In total, there were thirty reincarnations where Mahamoggallana and Sariputra had lived together. They were often brothers, friends, Ministers of one another or disciples and spiritual teachers of one another. In the 525th Jataka, Sariputra is the son and Mahamoggallana the general of the royal Bodhisattva. When the Buddha was reborn as Sakka, King of Gods, Sariputra and Mahamoggallana were the moon and the sun god respectively, analogous to their roles as the two chief disciples of Gautama Buddha. In the Jataka stories, both Mahamoggallana and Sariputra are seen to traverse all the heights and depths of Samsara, sometimes playing quite inferior parts in relation to the main figures of the respective stories. In most cases the difference in status between the pair is larger than the degree in which their level of rebirth is lower. There is less difference in status when their rebirth is at a higher realm. When reborn as animals, being born in equal species four times, all of them as swans. In most cases, Sariputra was born in a higher species of animals. Sariputra and Mahamoggalana were respectively born as snake and rat, snake and jackal, and man and jackal. When born as humans in worldly careers, Sariputra was invariably in a higher position: as a royal prince and royal minister, royal minister and son of a slave, charioteer of the royal Bodhisattva and charioteer of king Ananda (J. 151). In one instance, Mahamoggallana was the moon god and Sariputra a wise ascetic Narada. However, when both are ascetics or deities, they are mostly of equal states. In one case, Sariputra was only the moon god and Mahamoggallana the superior sun god; once Sariputra was the king of the Nagas (serpent deities) and Mahaoggallana the king of their foes, the Supannas (mythical birds of deity status).

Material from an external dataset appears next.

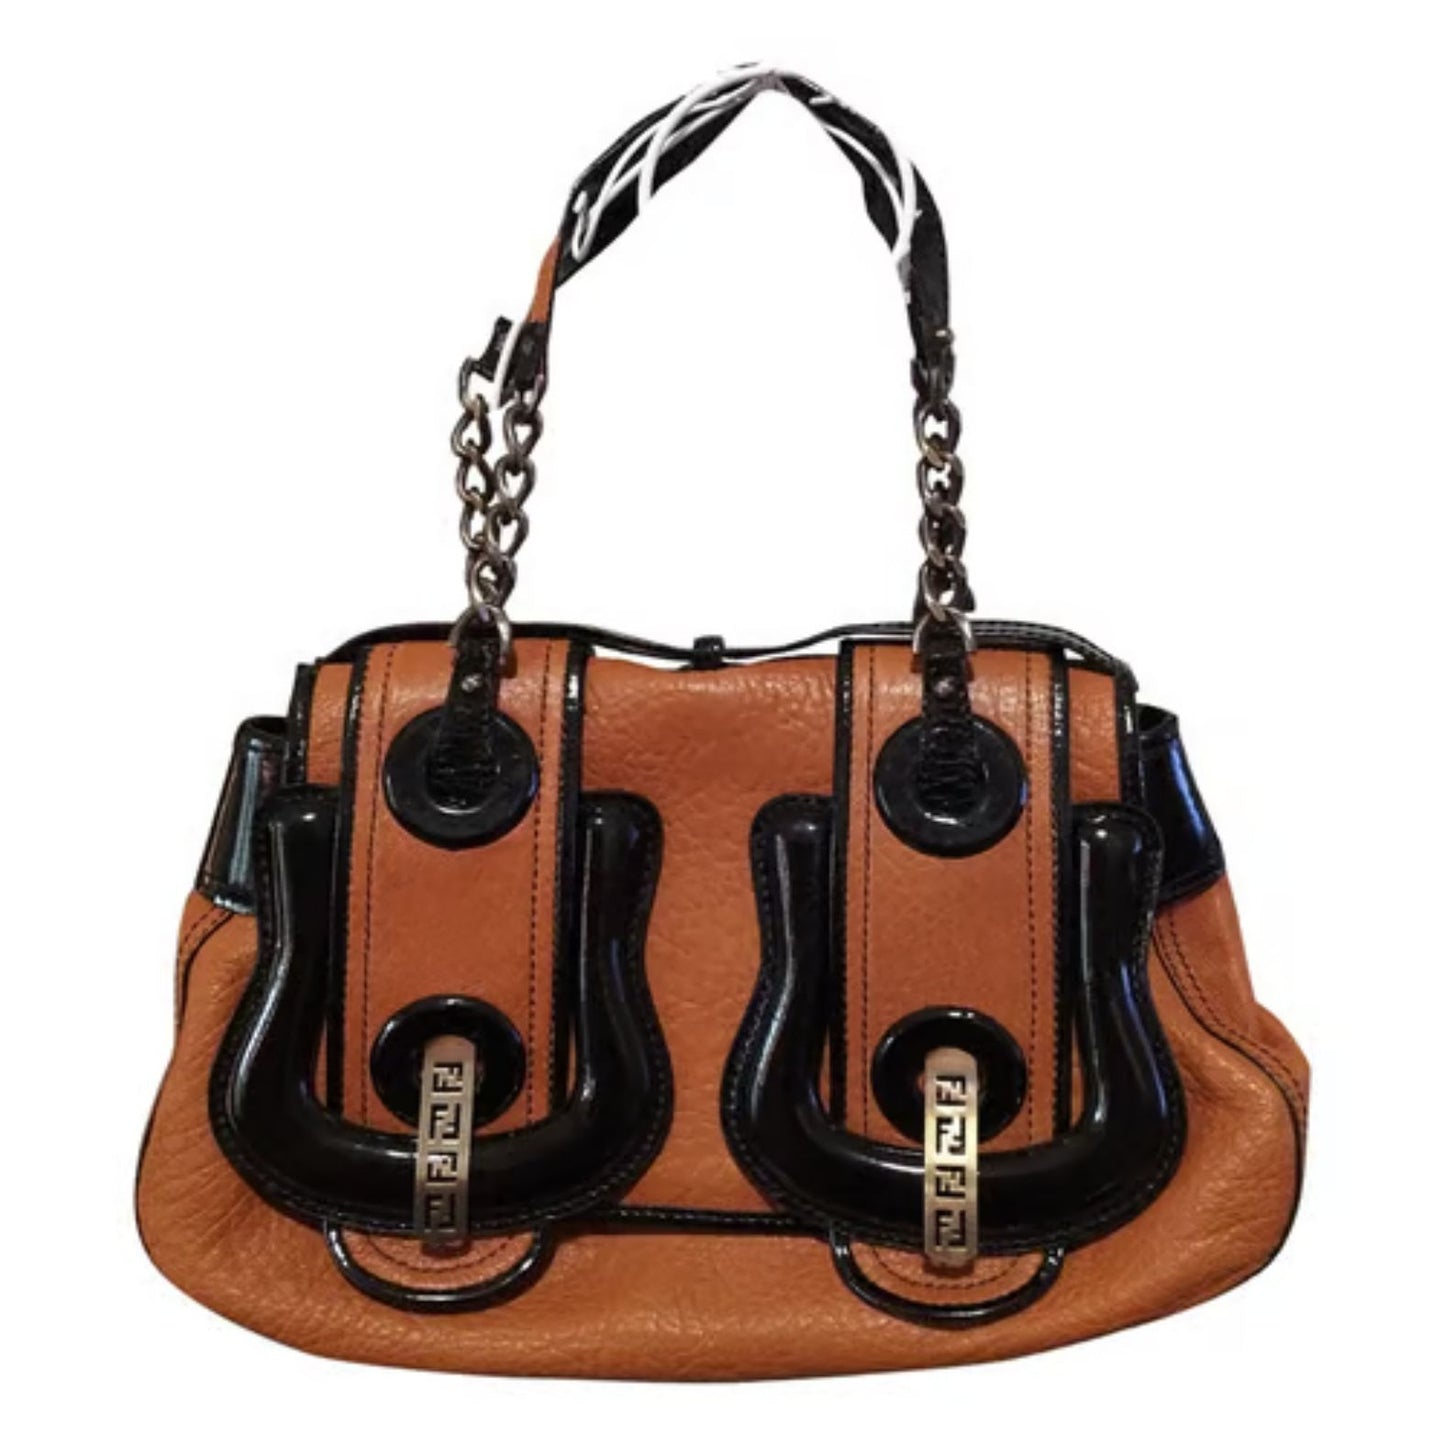 Fendi B Buckle style XL satchel style purse in caramel leather & black patent leather with two antique gold finish chain accent straps

The only instance in which Mahamoggallana appears in the Jatakas without Sariputra, is a reincarnation in which he holds the office of Sakka, King of Gods. In Majjhima Nikaya 37, Mahamoggallana admonishes one of his successors to that office. At that time, as Sakka, he also appeared on the earthly realms to a scrooge in order to urge on him the virtue of charity and thus to lead him to a better rebirth. However in another life, when Sariputra and Mahamoggallana lived on earth, they were stingy businessmen who buried substantial sums of money. After their deaths, they were reborn close to their buried treasure, but as a snake and a rat.